Task directions:
Retype the material that follows exactly, limited to the lines from the one with "MANAGEMENT SETUP 4-384.5" through the one with "Slide Tunnel For", and keep out all pictures.

Task inputs:

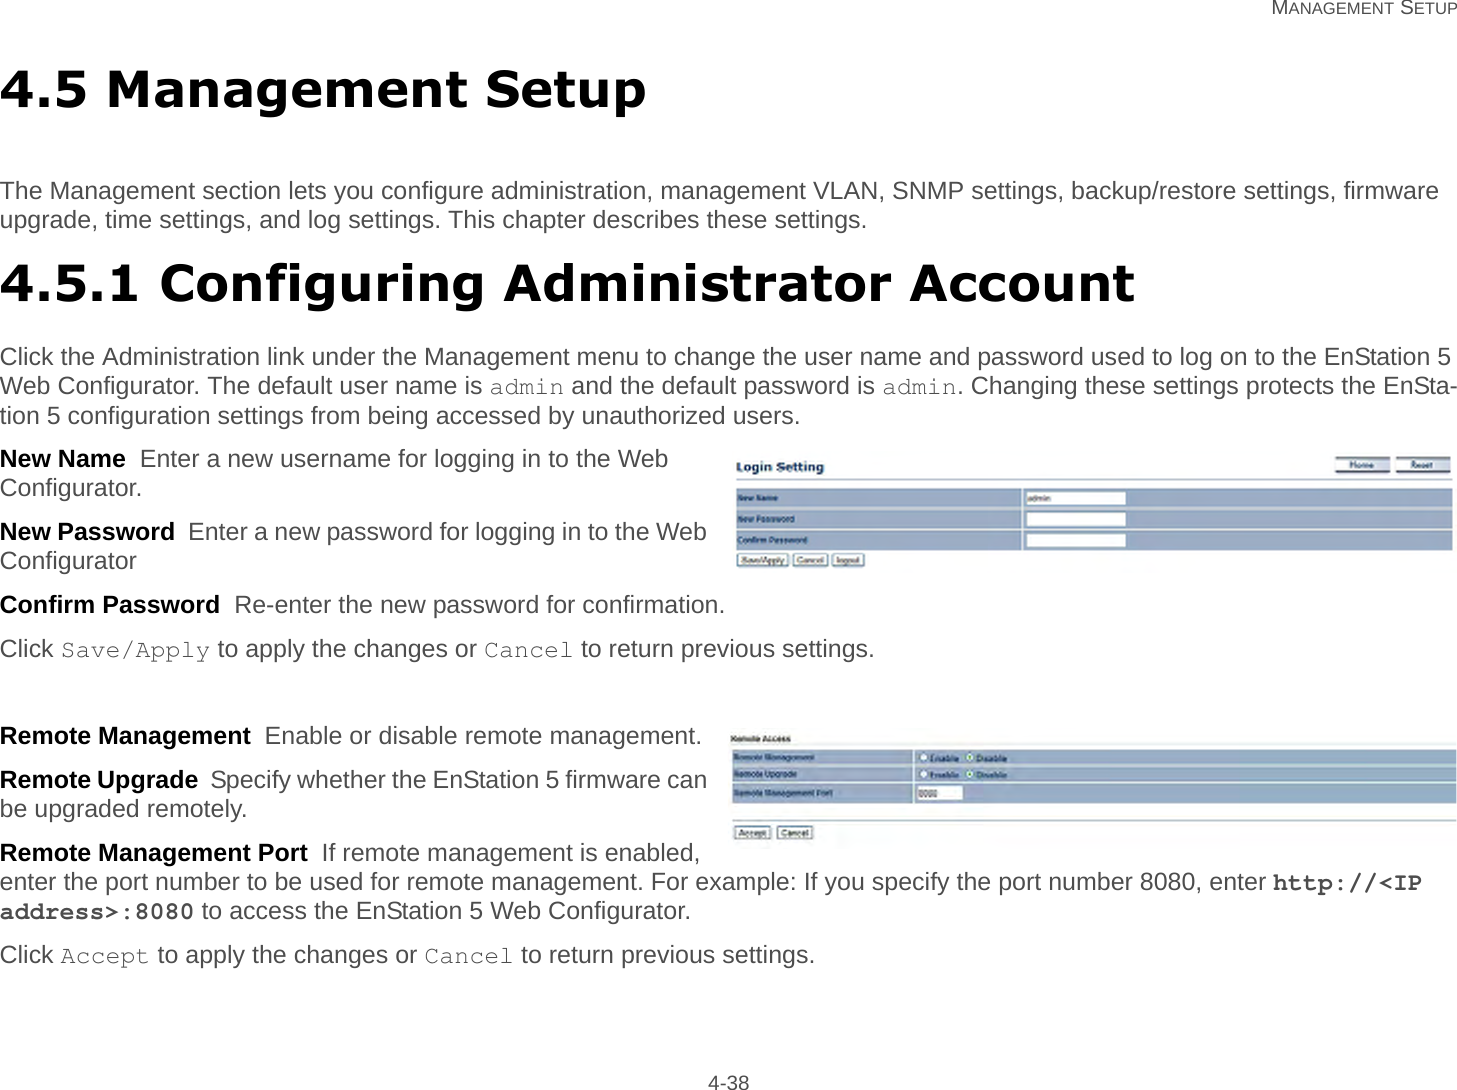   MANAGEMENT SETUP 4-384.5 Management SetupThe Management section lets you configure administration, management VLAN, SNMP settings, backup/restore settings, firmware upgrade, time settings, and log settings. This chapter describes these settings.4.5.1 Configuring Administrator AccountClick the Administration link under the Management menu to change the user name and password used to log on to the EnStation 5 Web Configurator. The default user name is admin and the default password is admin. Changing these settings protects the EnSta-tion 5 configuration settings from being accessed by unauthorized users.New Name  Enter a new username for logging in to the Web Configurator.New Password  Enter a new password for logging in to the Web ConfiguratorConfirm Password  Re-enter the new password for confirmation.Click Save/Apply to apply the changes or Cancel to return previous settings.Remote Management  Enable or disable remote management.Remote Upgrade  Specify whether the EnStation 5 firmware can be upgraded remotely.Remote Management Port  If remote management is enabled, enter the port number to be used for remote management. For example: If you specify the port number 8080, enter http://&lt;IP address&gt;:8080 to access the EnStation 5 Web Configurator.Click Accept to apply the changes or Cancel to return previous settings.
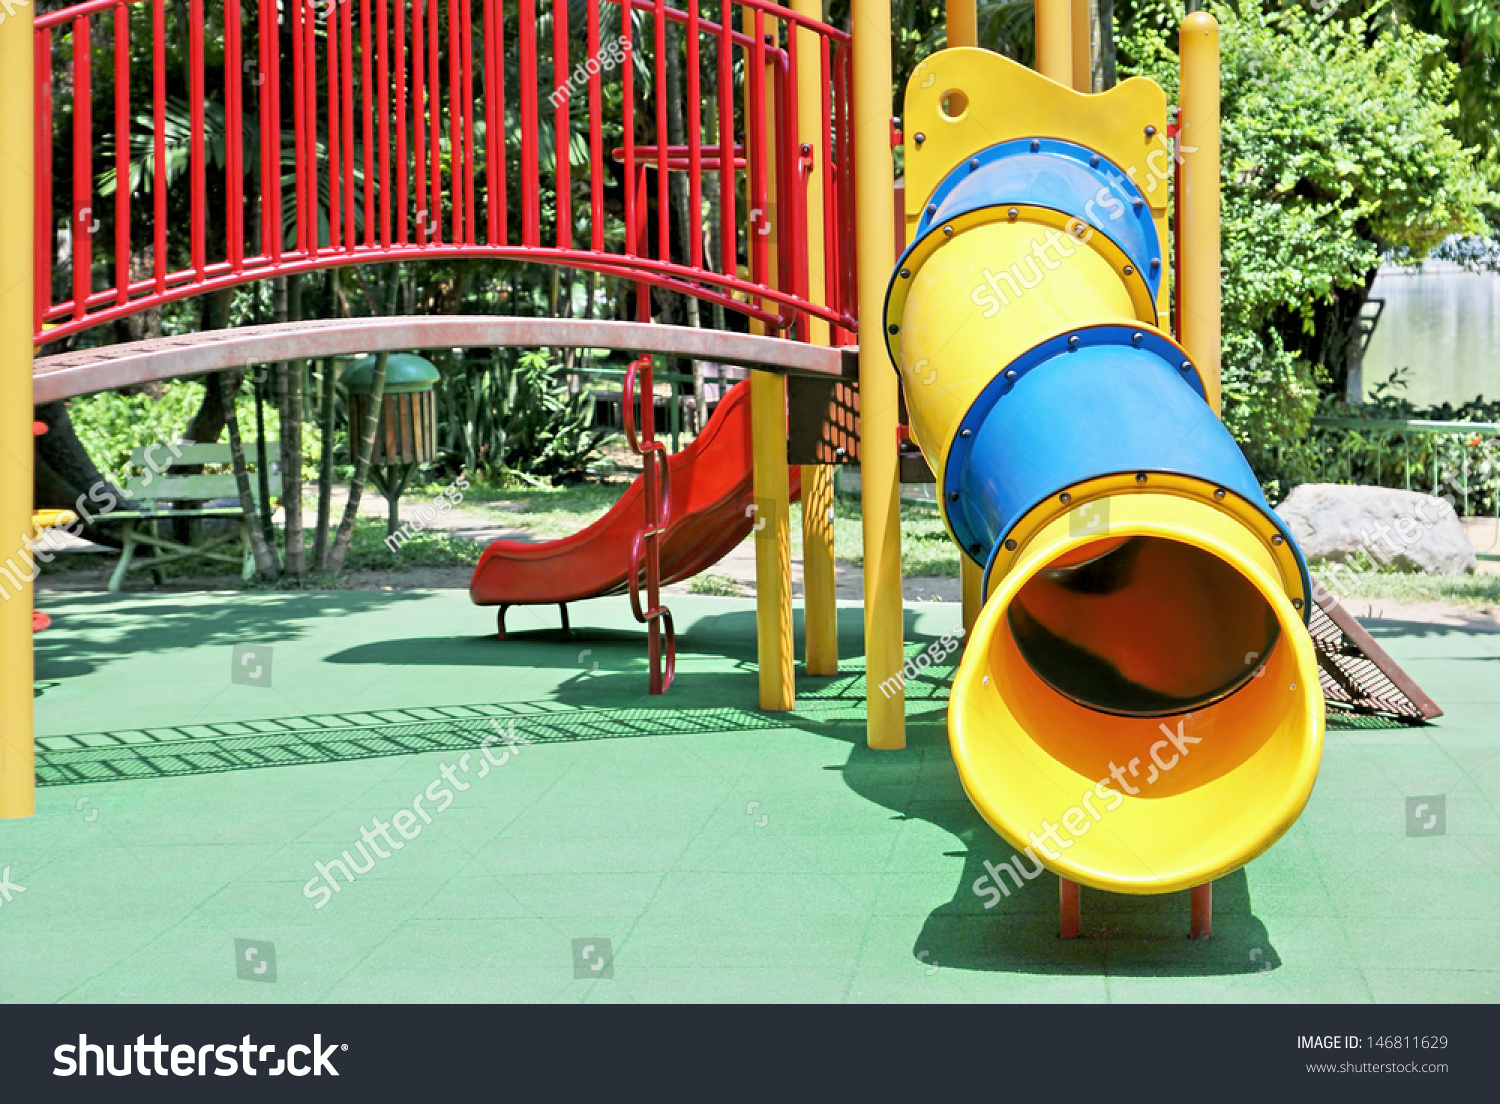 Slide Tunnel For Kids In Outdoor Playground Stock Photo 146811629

--

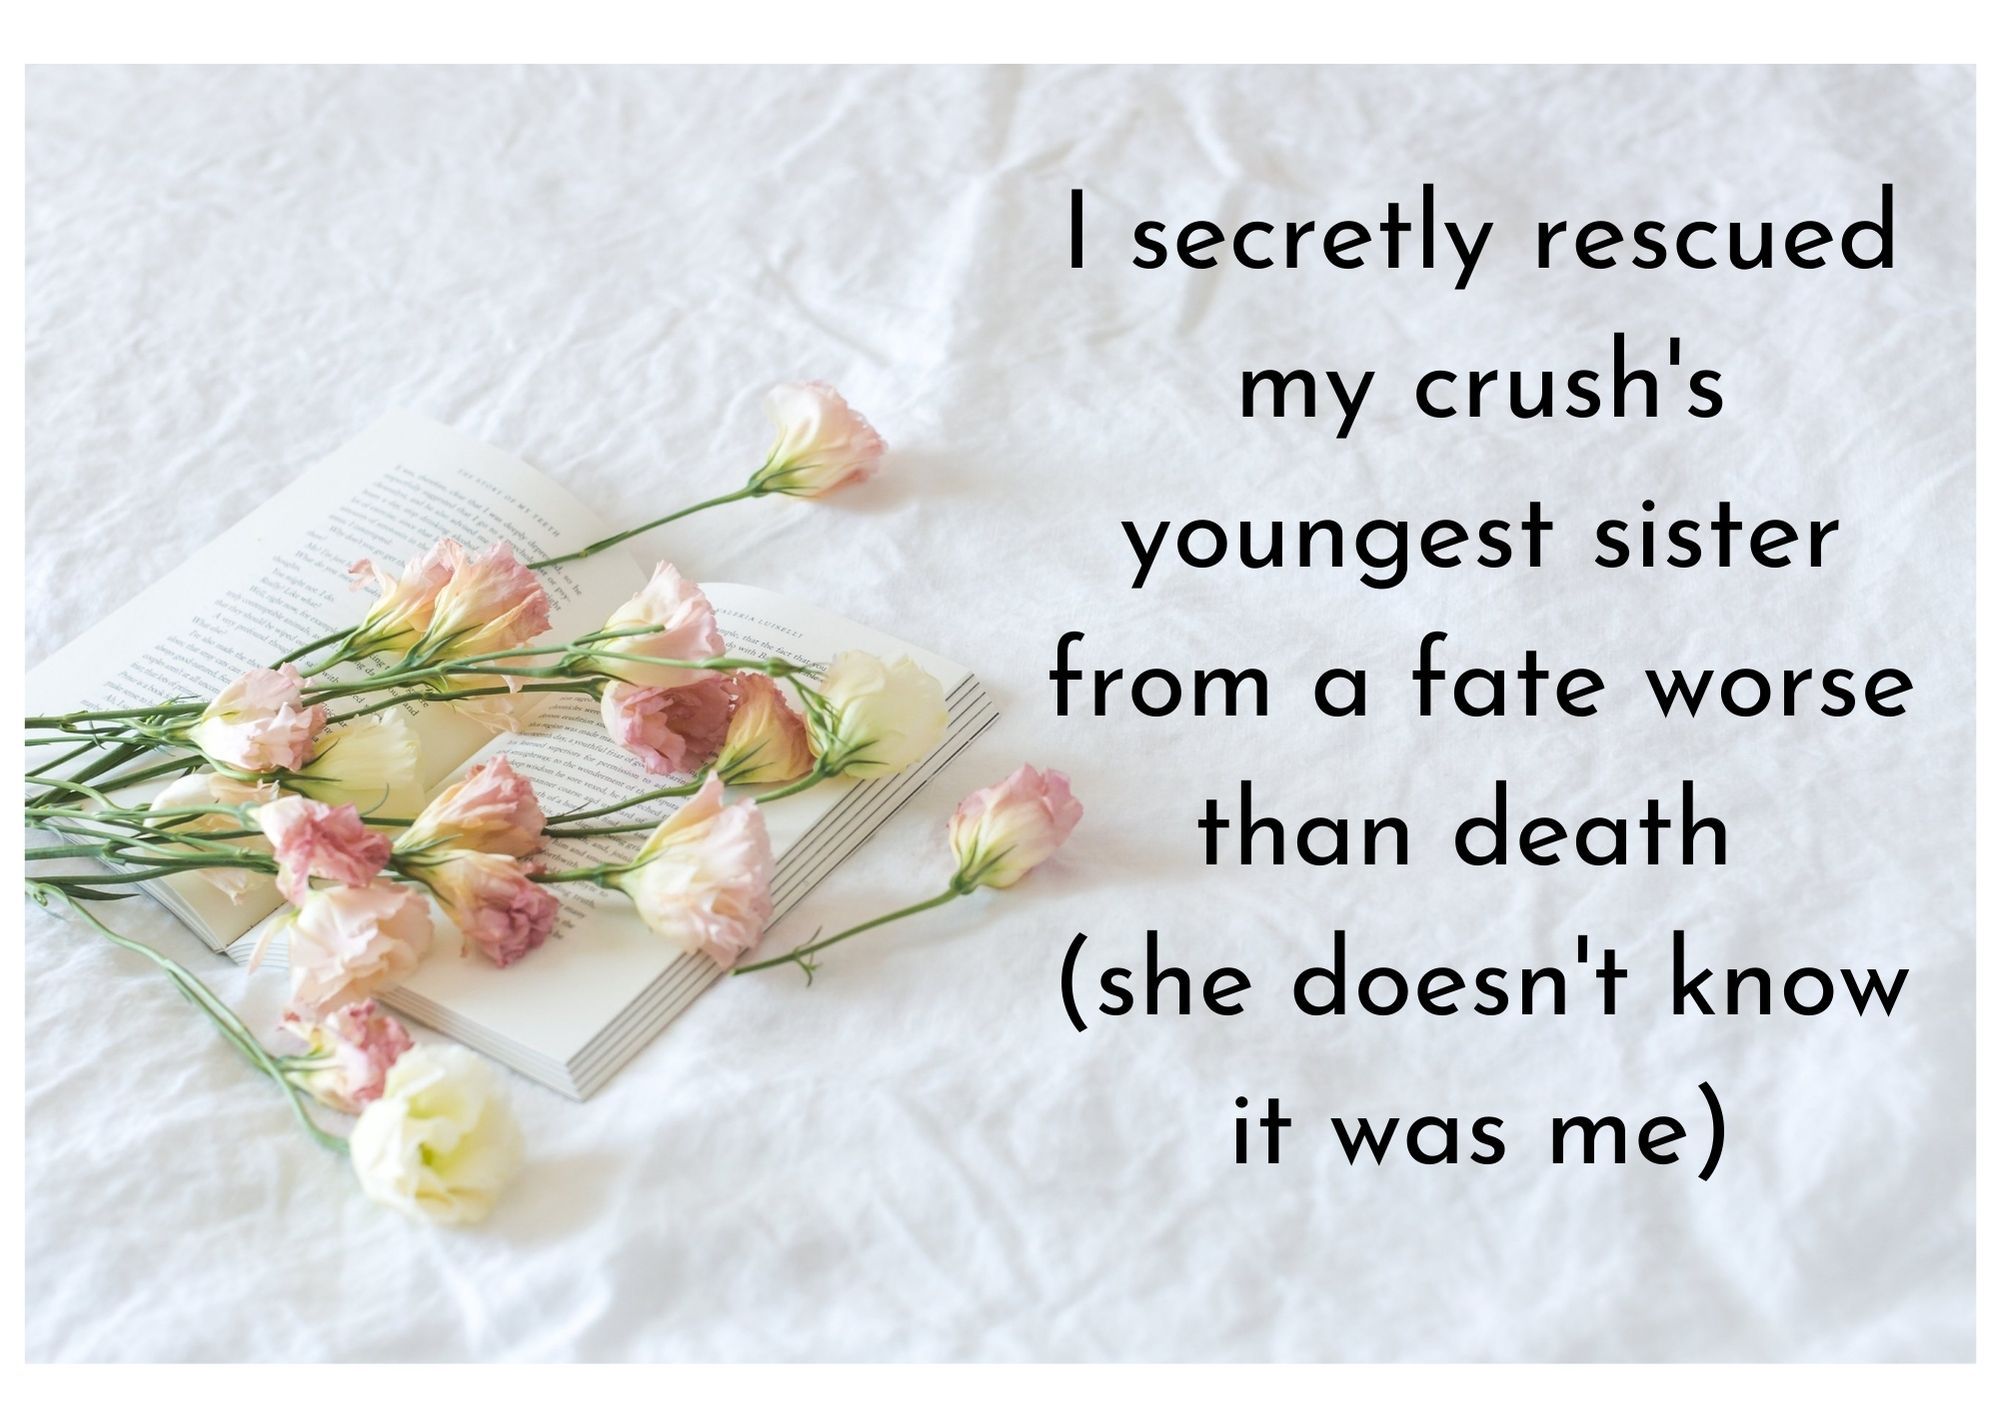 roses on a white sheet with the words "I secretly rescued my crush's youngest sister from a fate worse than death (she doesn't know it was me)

Solution:
   MANAGEMENT SETUP 4-384.5 Management SetupThe Management section lets you configure administration, management VLAN, SNMP settings, backup/restore settings, firmware upgrade, time settings, and log settings. This chapter describes these settings.4.5.1 Configuring Administrator AccountClick the Administration link under the Management menu to change the user name and password used to log on to the EnStation 5 Web Configurator. The default user name is admin and the default password is admin. Changing these settings protects the EnSta-tion 5 configuration settings from being accessed by unauthorized users.New Name  Enter a new username for logging in to the Web Configurator.New Password  Enter a new password for logging in to the Web ConfiguratorConfirm Password  Re-enter the new password for confirmation.Click Save/Apply to apply the changes or Cancel to return previous settings.Remote Management  Enable or disable remote management.Remote Upgrade  Specify whether the EnStation 5 firmware can be upgraded remotely.Remote Management Port  If remote management is enabled, enter the port number to be used for remote management. For example: If you specify the port number 8080, enter http://&lt;IP address&gt;:8080 to access the EnStation 5 Web Configurator.Click Accept to apply the changes or Cancel to return previous settings.
 Slide Tunnel For Kids In Outdoor Playground Stock Photo 146811629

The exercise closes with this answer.